-------- Given material --------

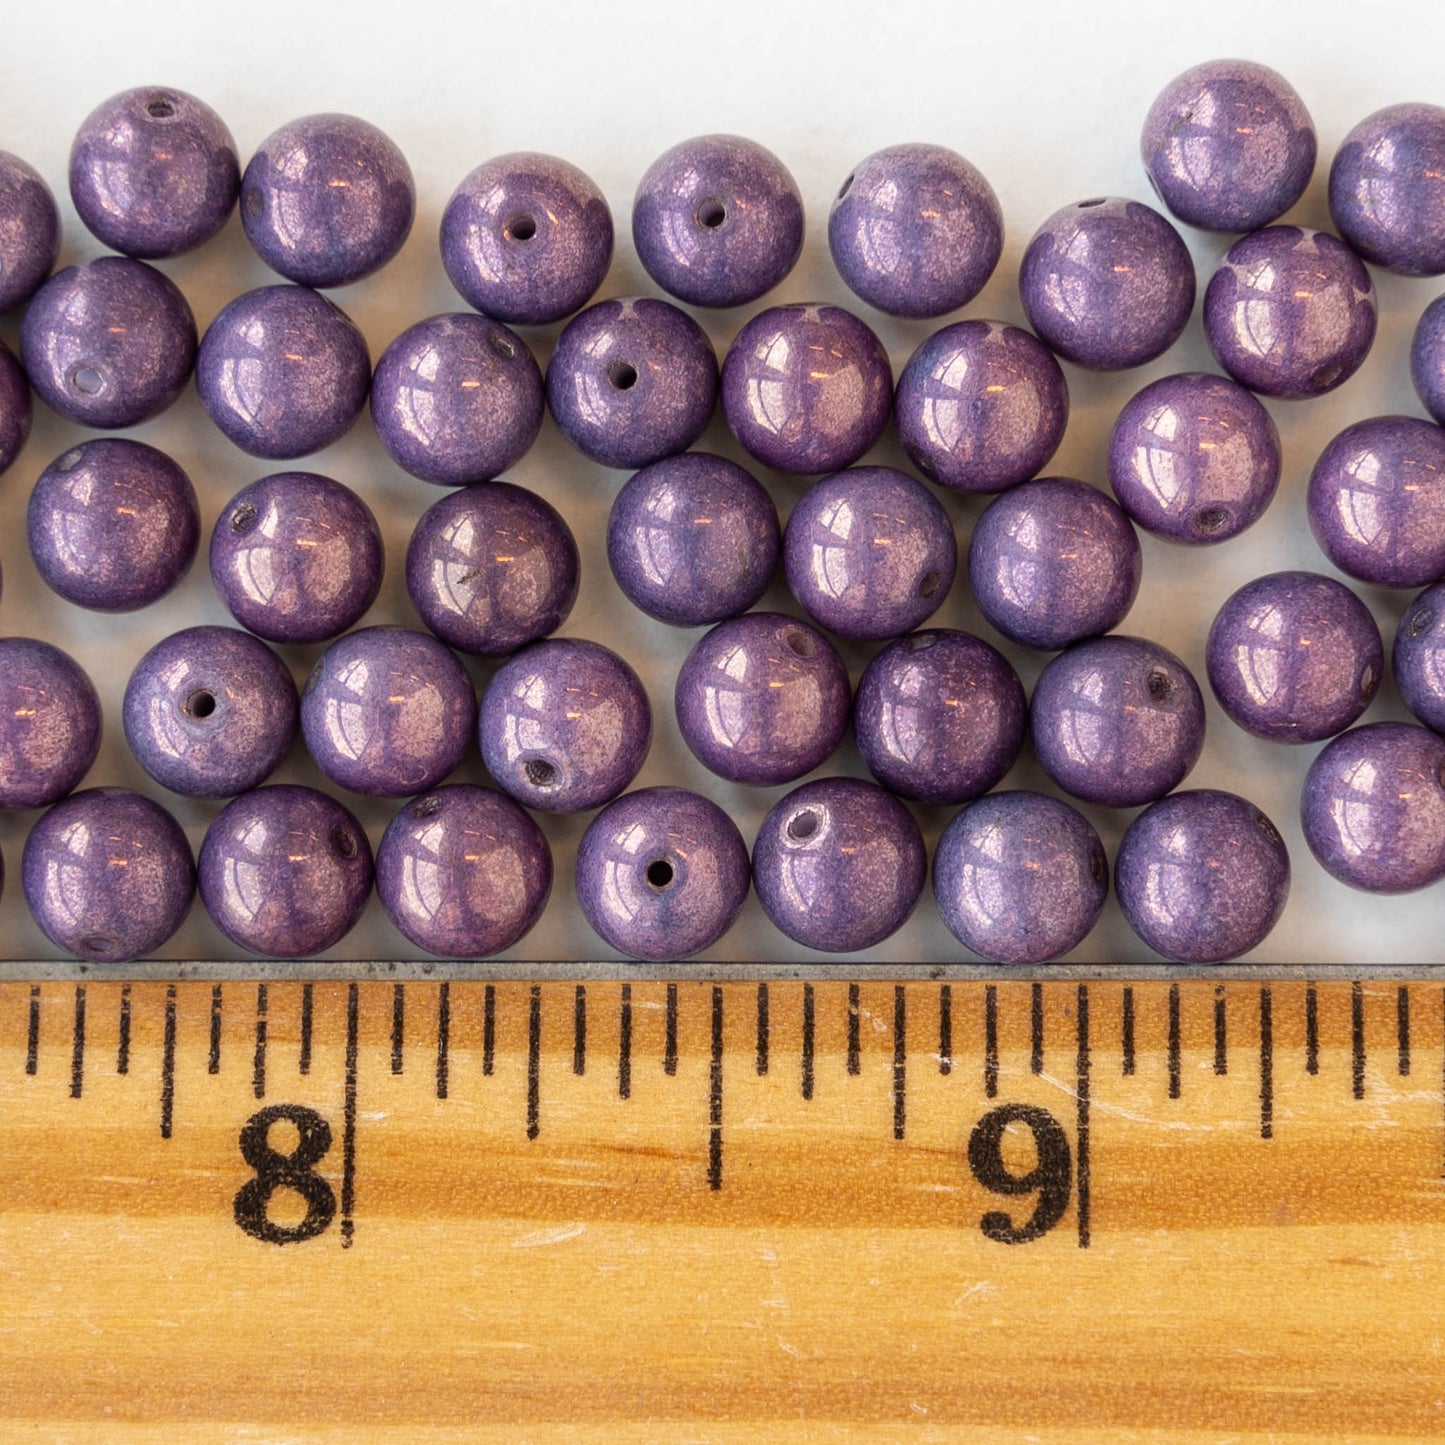 6mm Round Glass Beads - Pearly Purple Luster - 30 beads
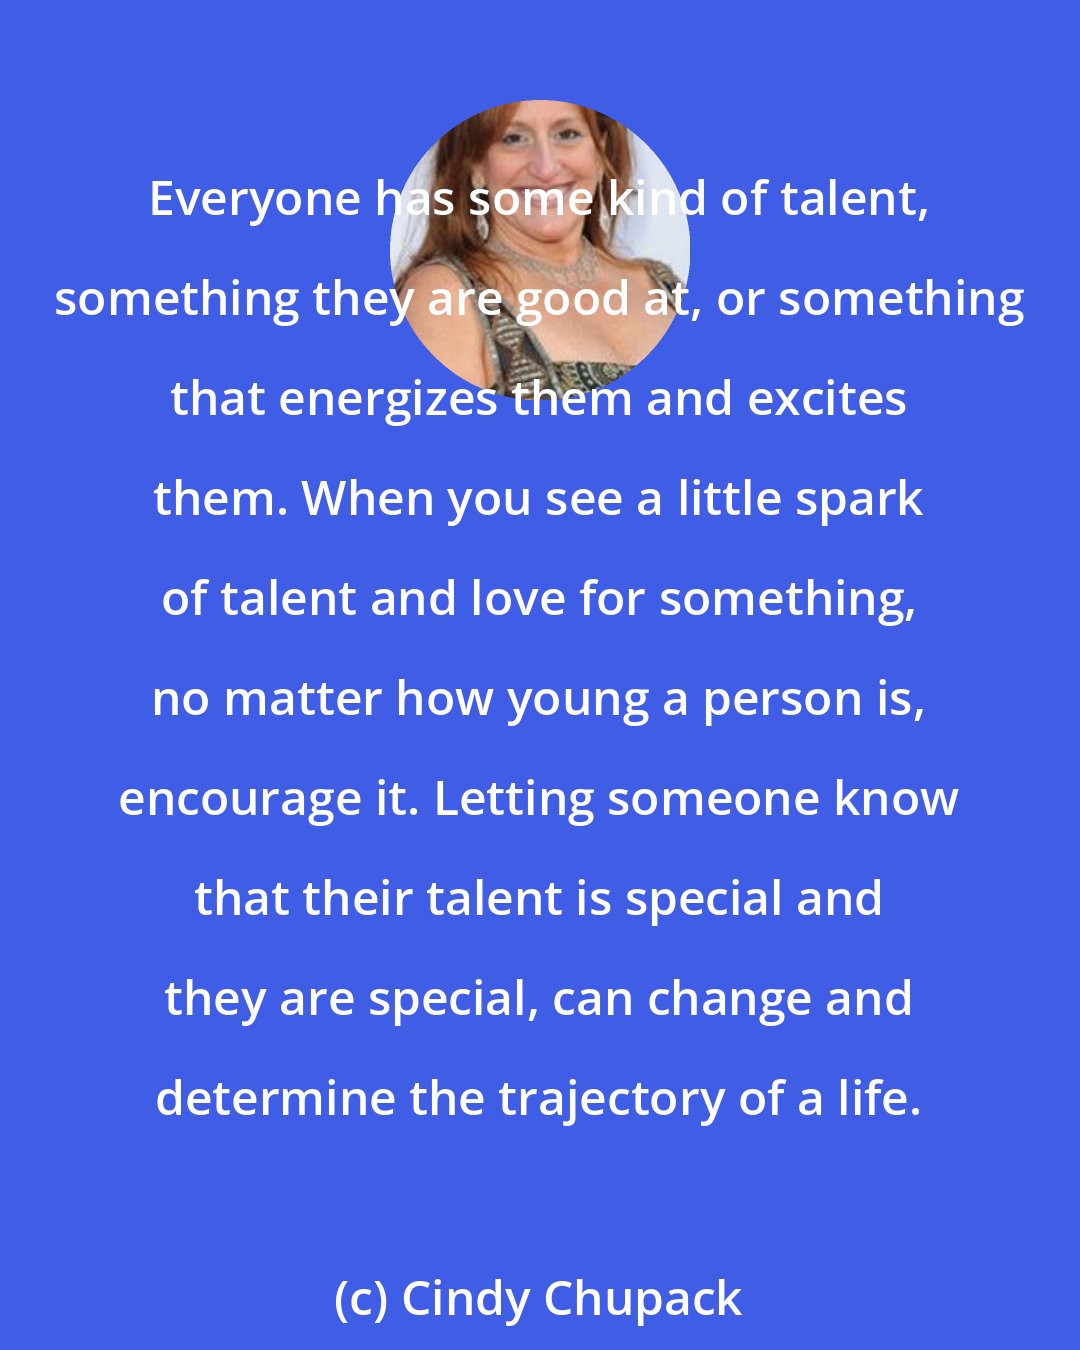 Cindy Chupack: Everyone has some kind of talent, something they are good at, or something that energizes them and excites them. When you see a little spark of talent and love for something, no matter how young a person is, encourage it. Letting someone know that their talent is special and they are special, can change and determine the trajectory of a life.
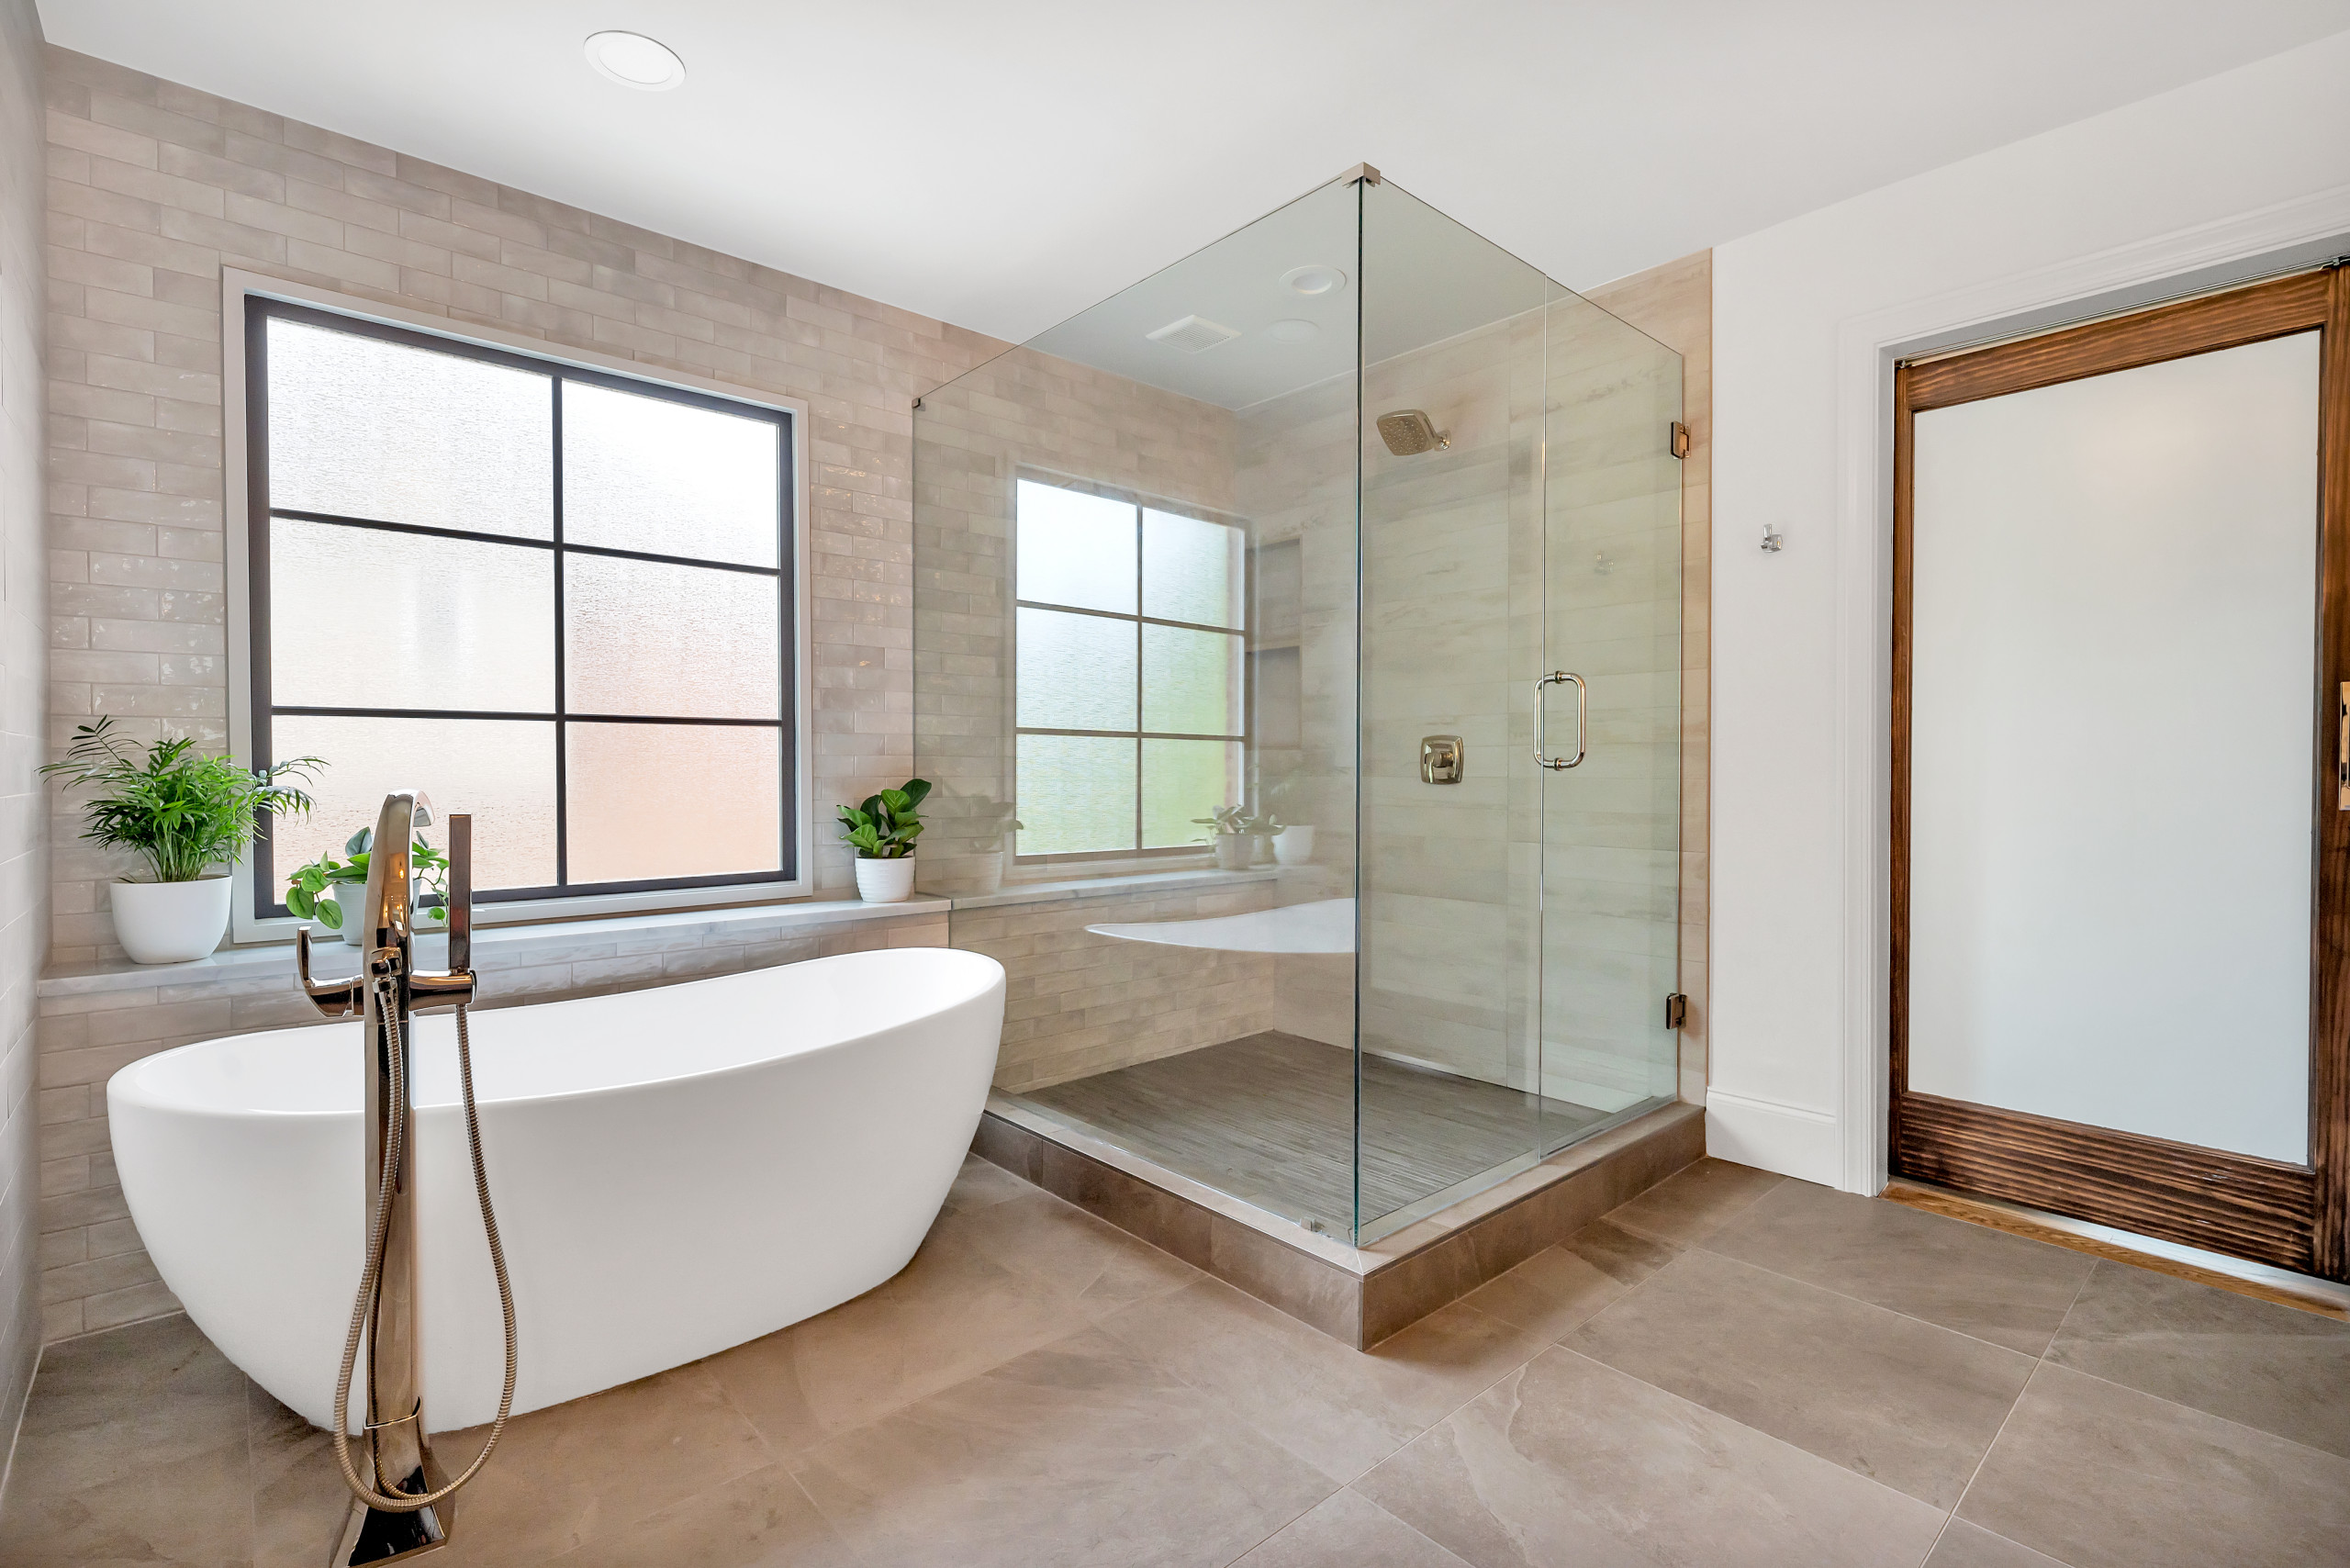 From Builder Grade From the 90’s to a Modern and Sophisticated Spa Feel

--------

**What is expected**
The whole listing above should be restated word for word, minus any images.

**Task answer**
 6mm Round Glass Beads - Pearly Purple Luster - 30 beads
 Cindy Chupack: Everyone has some kind of talent, something they are good at, or something that energizes them and excites them. When you see a little spark of talent and love for something, no matter how young a person is, encourage it. Letting someone know that their talent is special and they are special, can change and determine the trajectory of a life.
 From Builder Grade From the 90’s to a Modern and Sophisticated Spa Feel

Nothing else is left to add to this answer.